(TASK STATEMENT):
Reproduce all the lines below exactly and omit the images.

(GIVEN DATA):
----

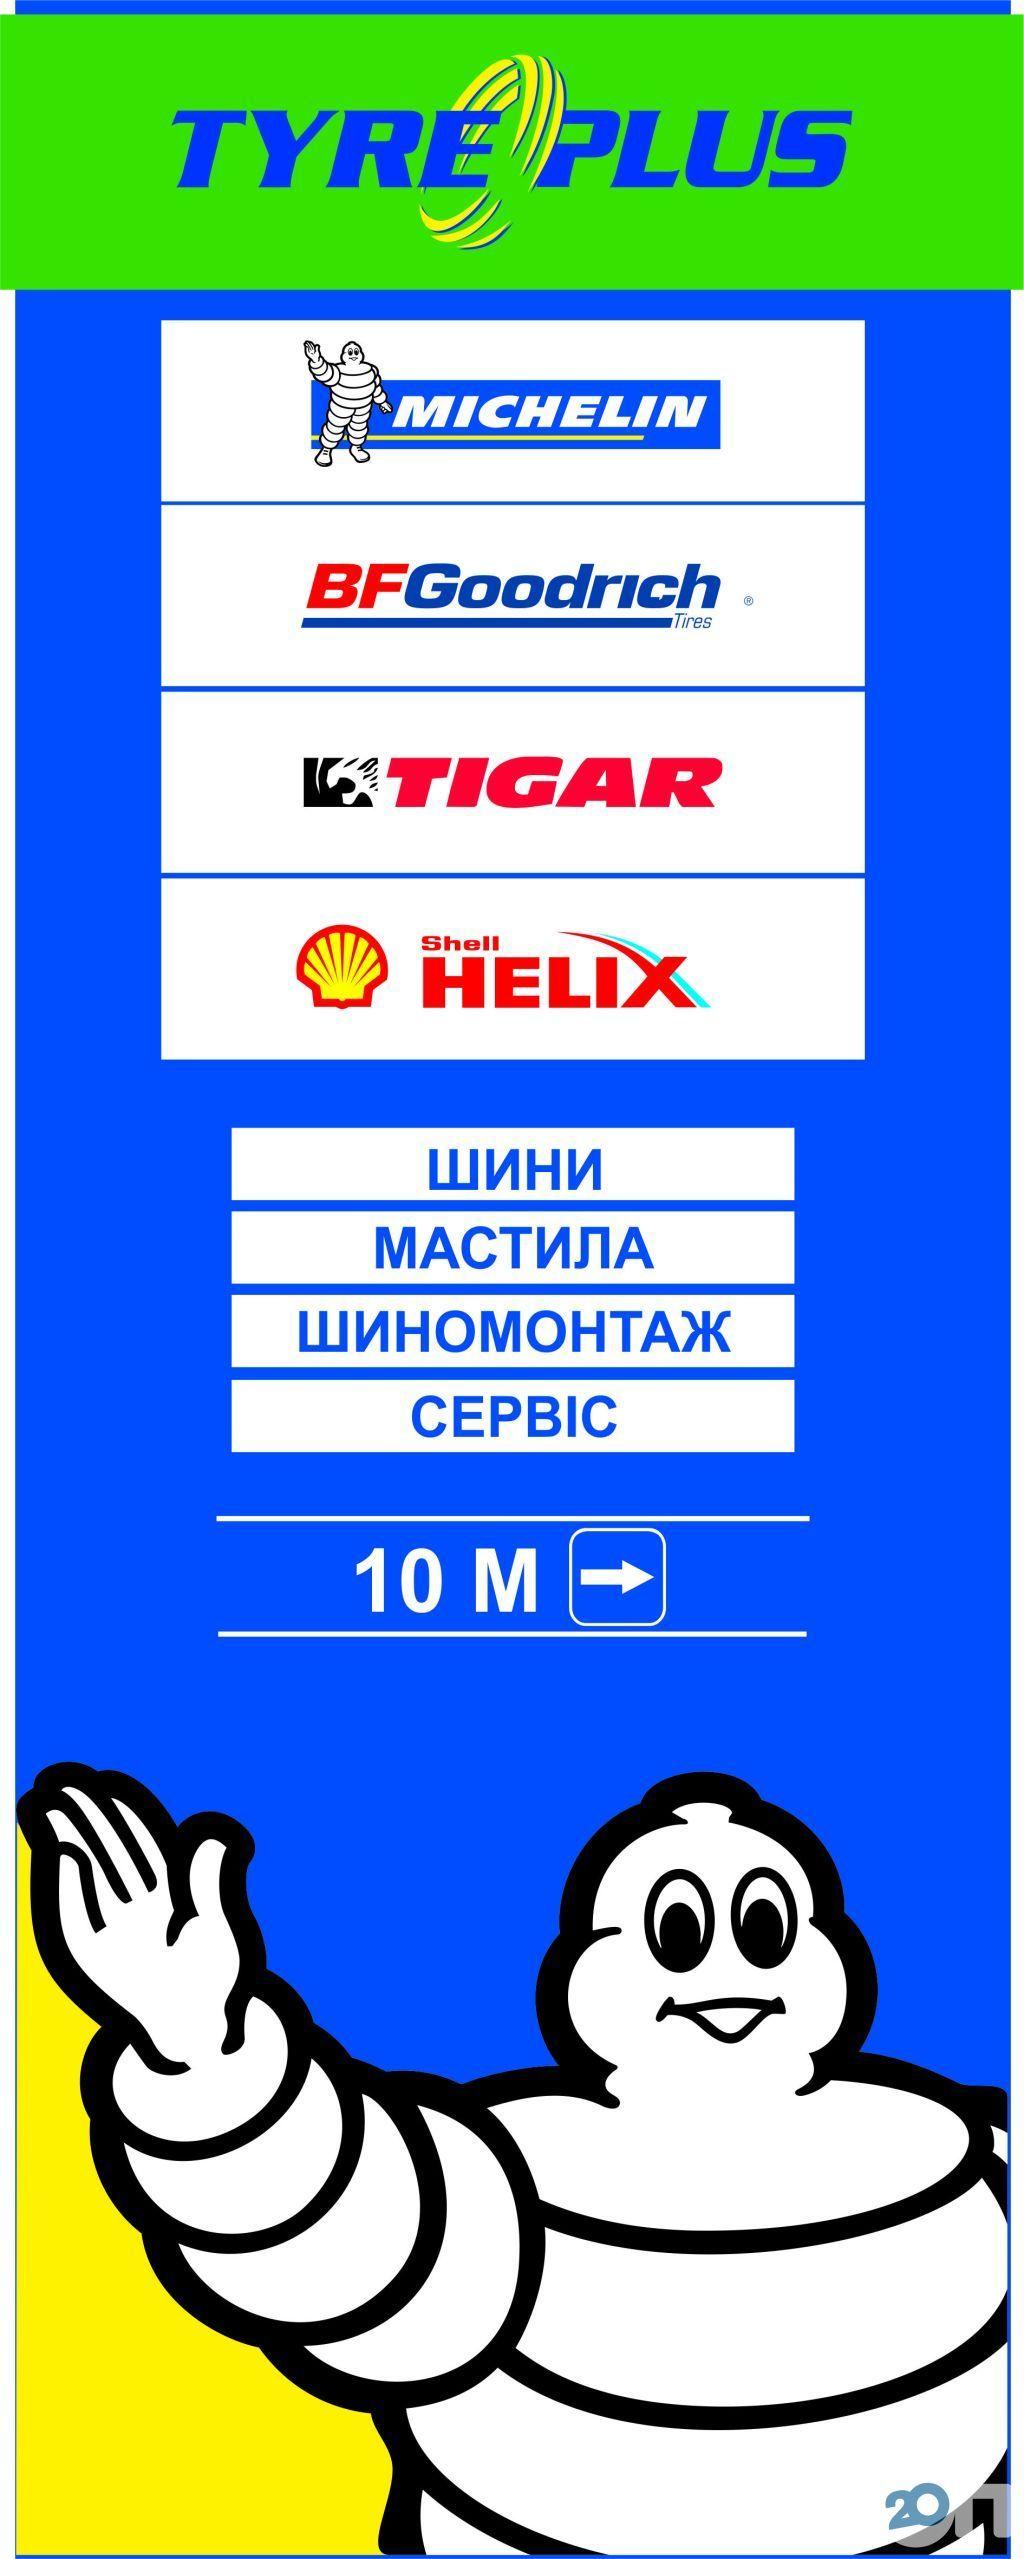 "Шинный сервисный центр Tyreplus Michelin ООО ""ТРАНСФЕРО"" - фото 2"
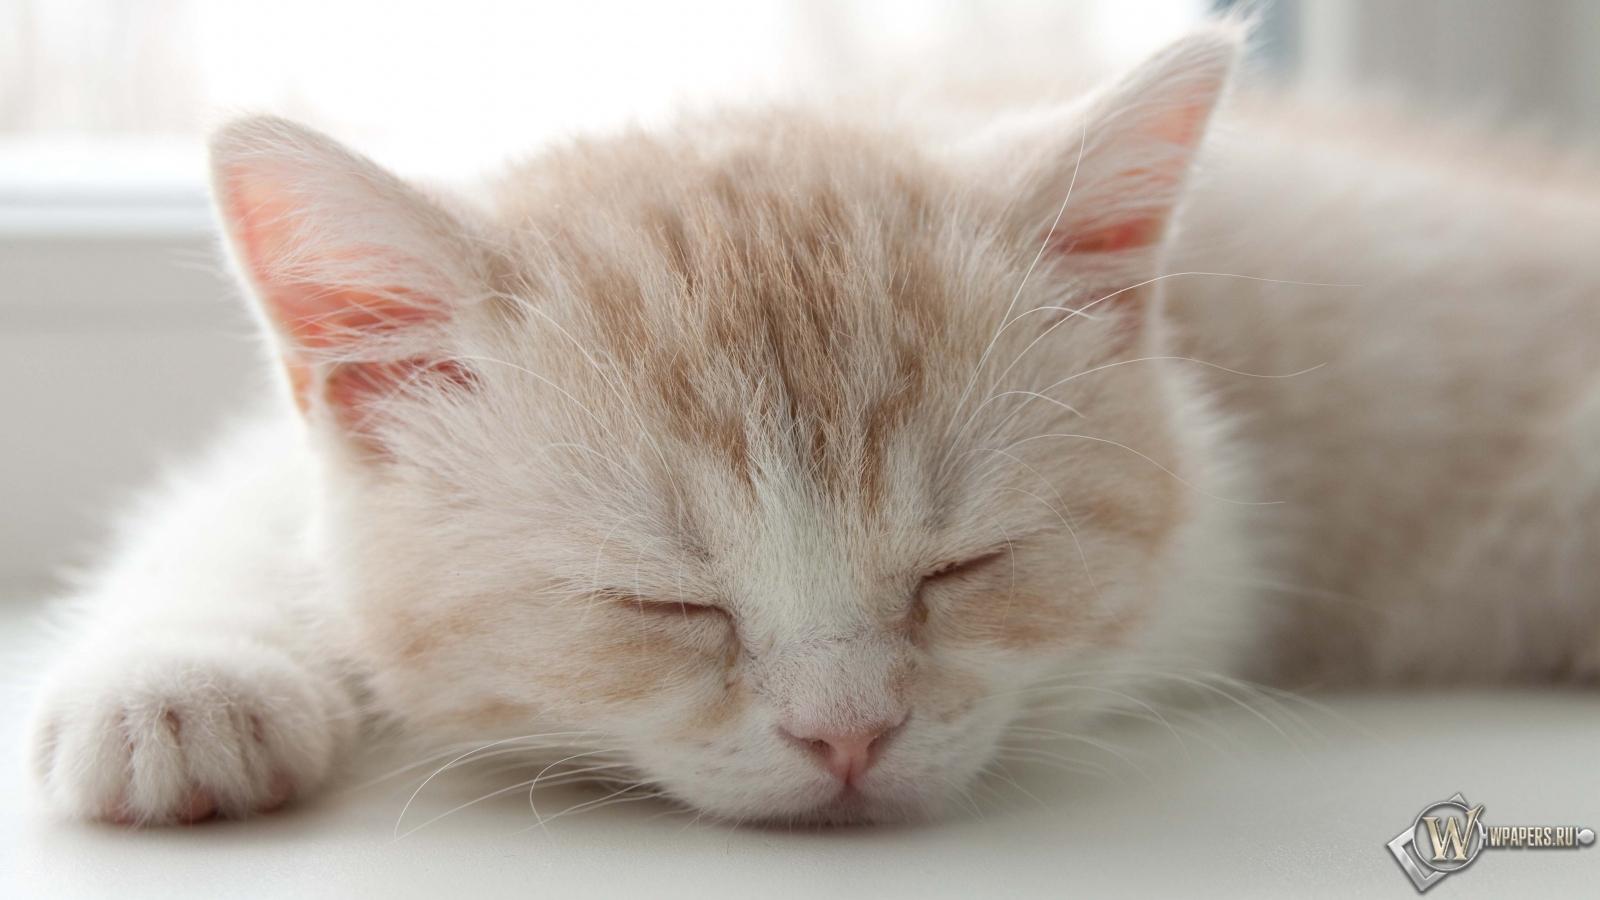 Котёнок спит 1600x900
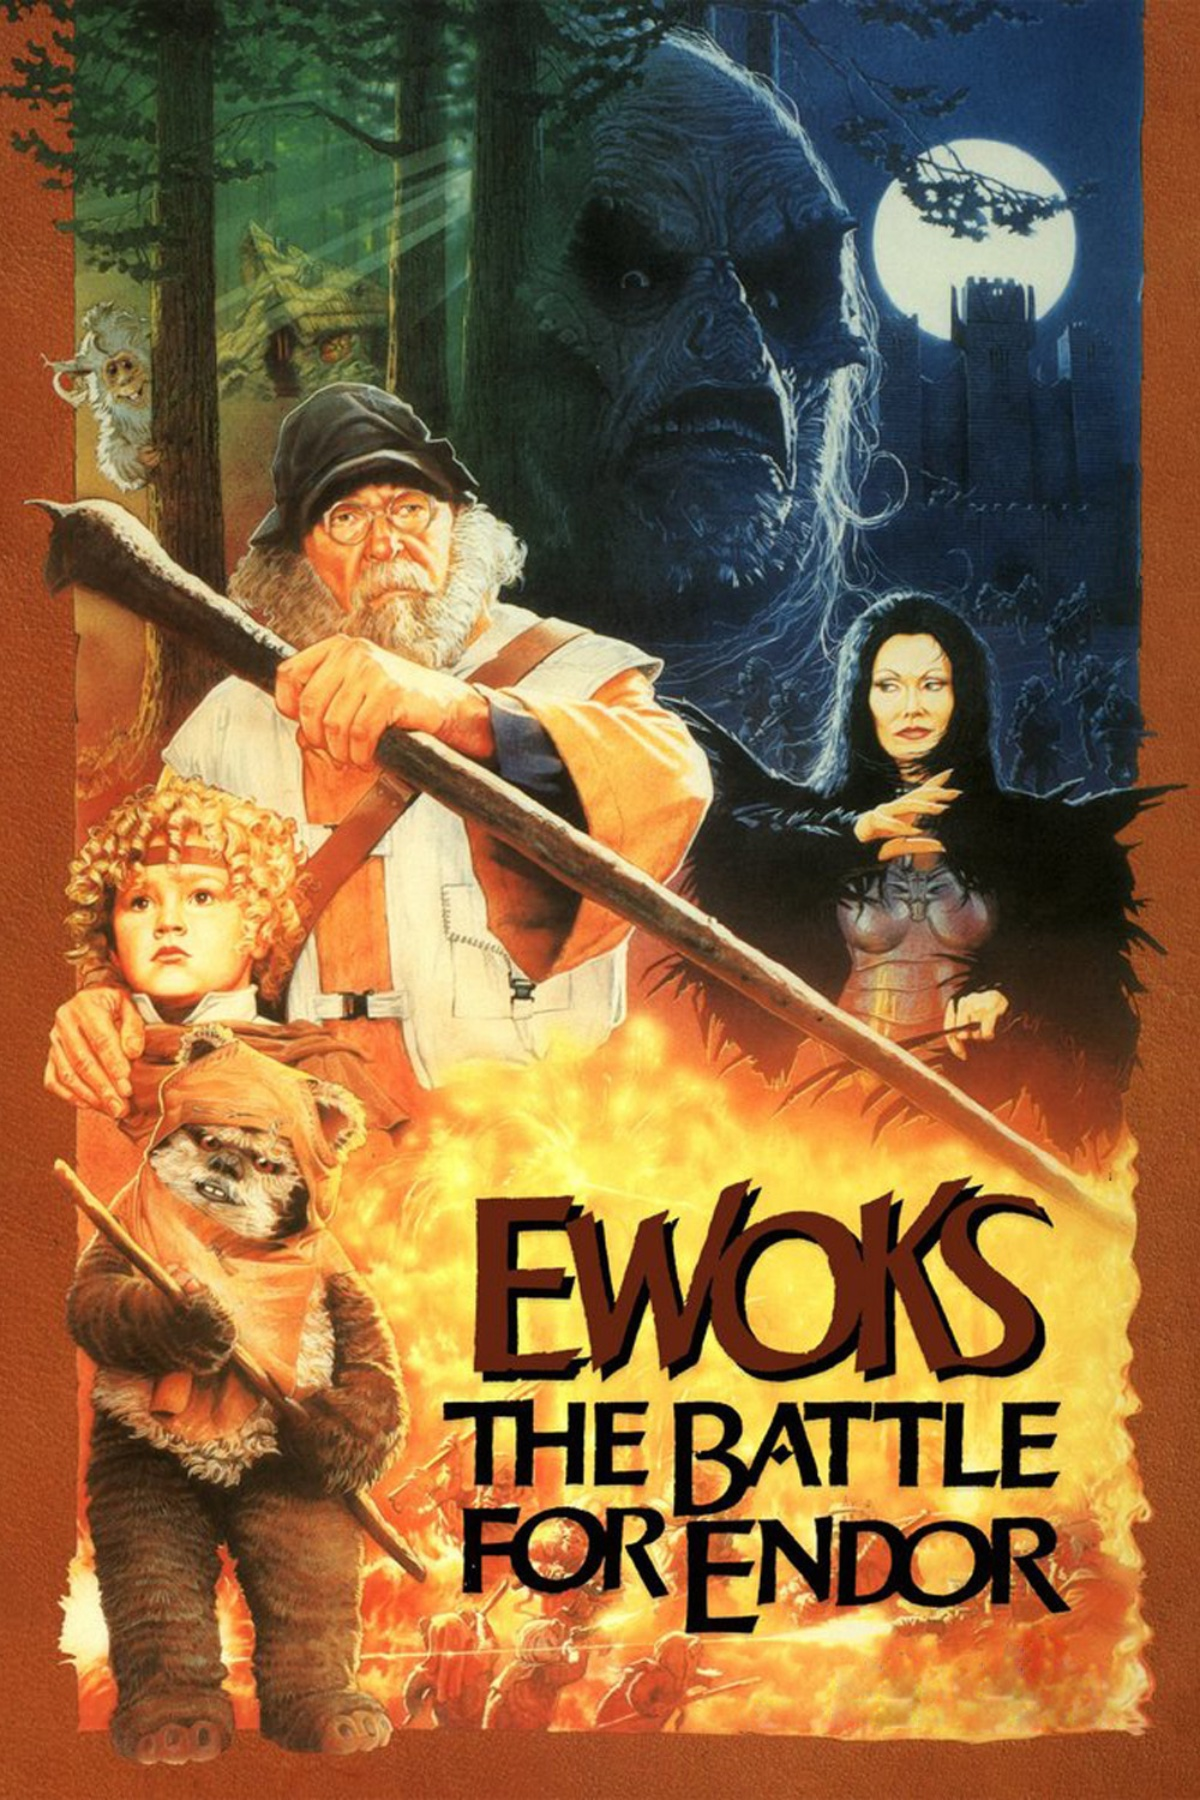 ewoks the battle for endor download

----

(EXPECTED ANSWER):
 "Шинный сервисный центр Tyreplus Michelin ООО ""ТРАНСФЕРО"" - фото 2"
 Котёнок спит 1600x900
 ewoks the battle for endor download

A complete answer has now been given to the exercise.